If I *do* use an OS/2 box for this, which firewall software should I use? There is a firewall bundled free with ECS. I already own InJoy Firewall with a 12-user licence (though I have not yet used it). InJoy sounds like the obvious choice, but does anyone have any experience with it? Points for? Points against? (OK, OK, you guys won't have the answer to this, but seeing as this is largely a repost of my question to the OS/2 user group, I'll leave it in anyway.)

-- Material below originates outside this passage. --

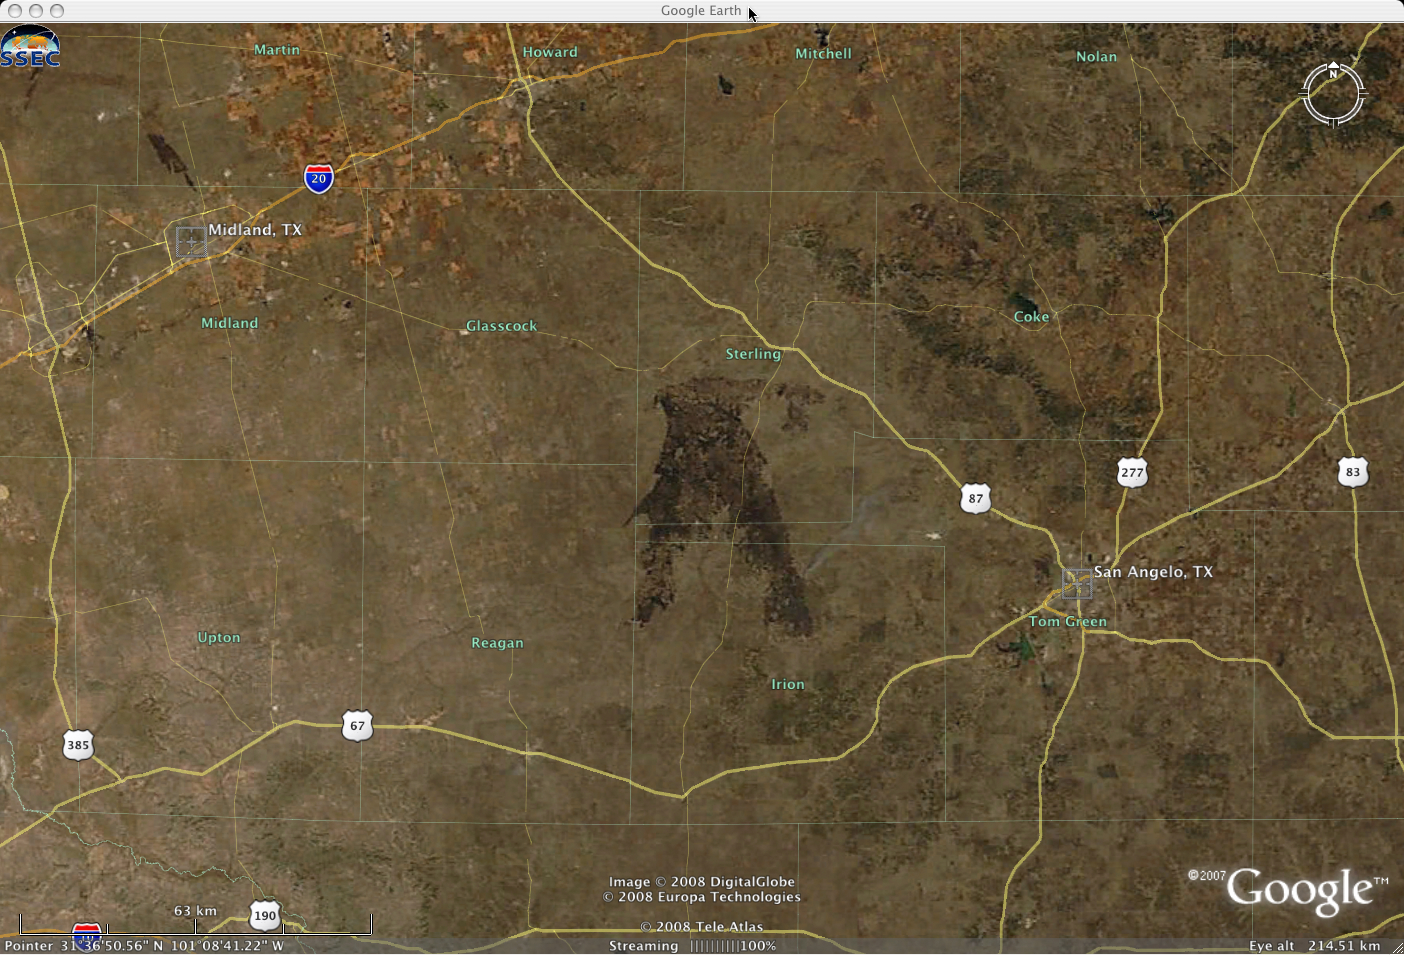 MODIS true color image (Google Earth)

2: Set up my own mail server. Now this is something I know almost *nothing* about. What package? How to set it up? I guess the ideal system would be to have the firewall box be the mail server. As it will have a static IP, I'll be able to access it from the LAN, from home, from anywhere. Is it possible to set it up in such a way that I can filter the incoming mail into various folders on the mail server/firewall, and then access just the appropriate ones - personal mail to tony@redhill.net.au from home, supplier pricelists to prices@redhill.net.au from one of the office machines, and so on? Ideally, I'd be able to leave all mail on the mail server/firewall for a certain period (a week, say) so that I could (e.g) read the os2.org.au digest at the office if I get a spare minute and feel like a break from 'real' work, but then read it again at home and maybe draft a reply later on.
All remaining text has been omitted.